For its part, the Bush campaign announced Saturday evening it had filed suits against Hillsborough, Okaloosa, Pasco and Polk counties in an effort to force local election officials to reconsider invalidated overseas absentee ballots from military personnel. They expected to file a suit against Orange County later.

Bush campaign spokeswoman Mindy Tucker said the campaign chose the counties as targets because officials had publicly "stated they would not take any action [on counting the military ballots] without a court order."

Tucker said the campaign wants the canvassing boards to reconsider ballots and include those that have no postmark, are undated and/or have no corresponding signature on file with the election boards.

The campaign had filed actions against 12 counties on Thursday to force them to reconsider 1,420 military ballots disqualified throughout the state because they arrived with either no postmark, a smudged postmark or a misplaced or missing signature.

But in a surprise move on Saturday, attorneys for Bush withdrew the suits filed in Leon County Circuit Court after some counties voluntarily agreed to re-examine their vote, yet still threatened legal action against those they considered having a "recalcitrant posture."

Post-certification challenges from either camp would come under a provision of Florida law titled "Contest of elections." Under the vague language of the law, either campaign or any voter could file suit in "circuit court" when it appears that the actual victor has not been declared the winner in the final vote certification.
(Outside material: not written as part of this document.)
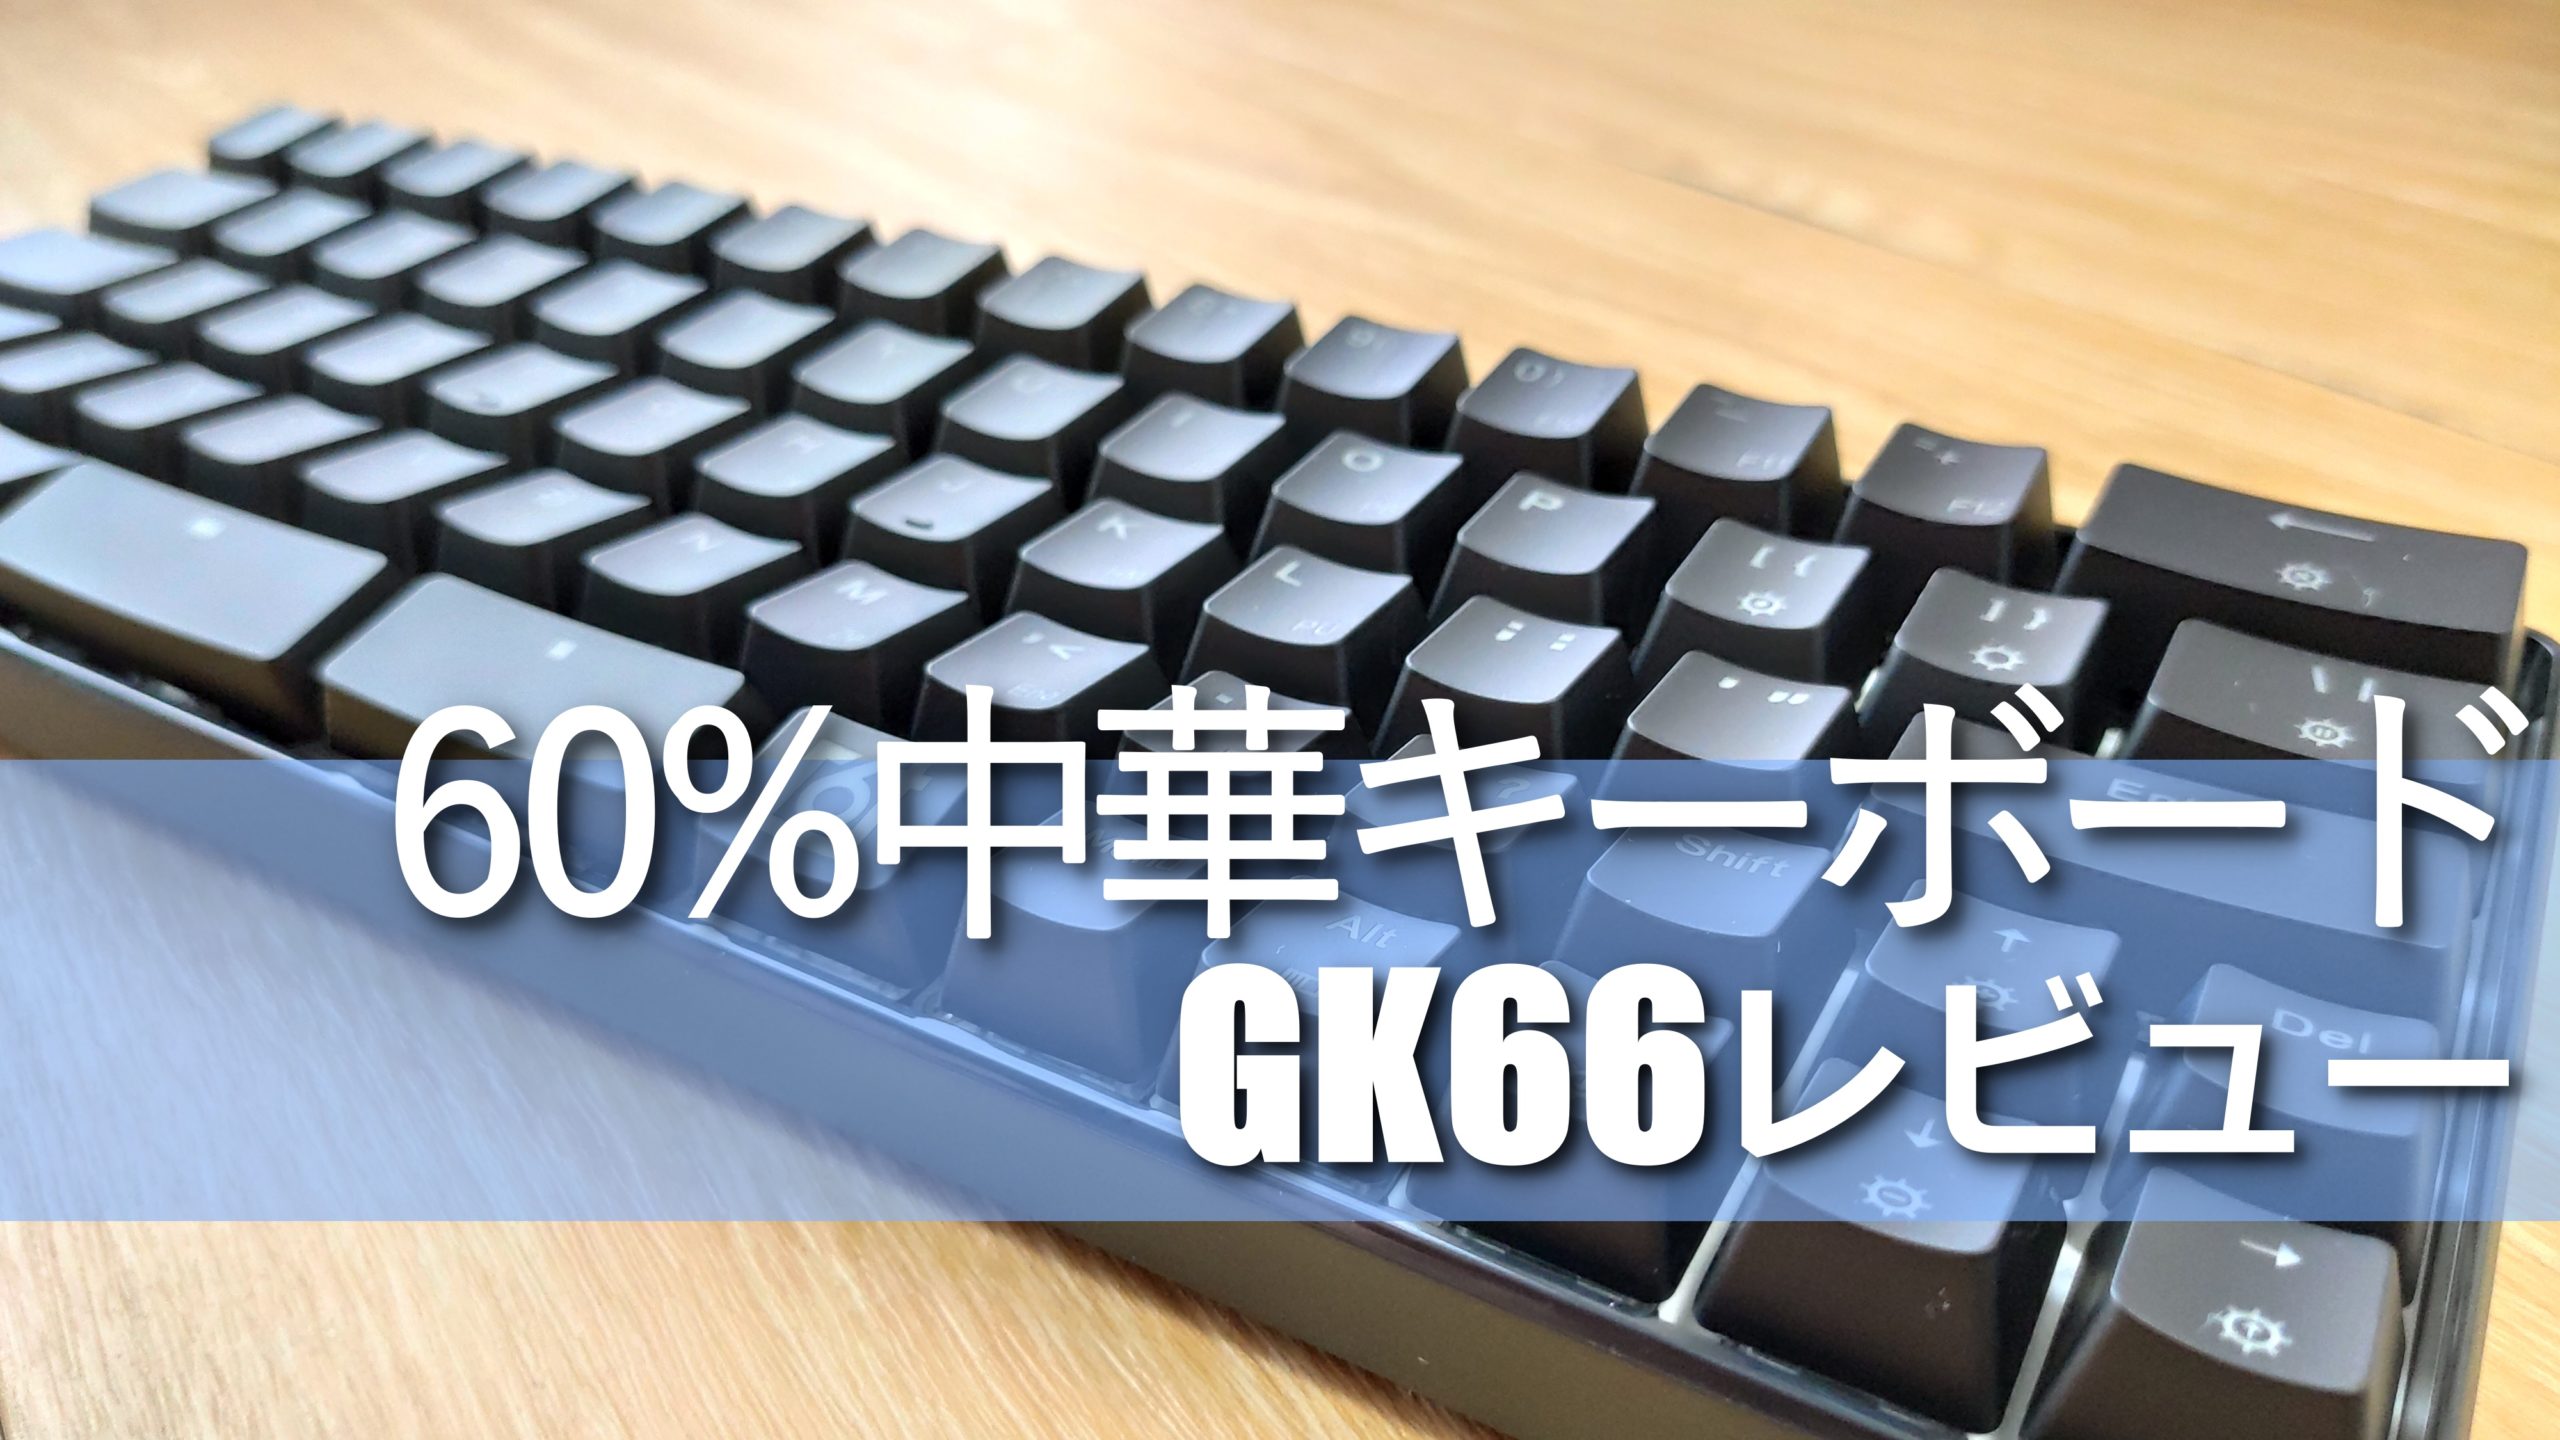 GK66

Any new state court action would be a different case from the one to be argued in the U.S. Supreme Court on Friday, and would be entitled to its own hearings and appeals process.

Meanwhile, the U.S. Supreme Court has agreed to hear arguments on whether the new deadline for final tallies set by the Florida Supreme Court – in order to allow the hand counts to be factored in – violates an 1887 federal law.

The 113-year-old law, enacted by Congress to prevent abuses in the post-Civil War South, has never been used, but requires any state to settle disputes over the appointment of presidential electors under "laws enacted prior to" election day.

A second issue before the court is whether the court overstepped into territory controlled by the legislature, which the Constitution says is empowered to set the rules for picking electors.

Copyright 2000 by United Press International. All rights reserved.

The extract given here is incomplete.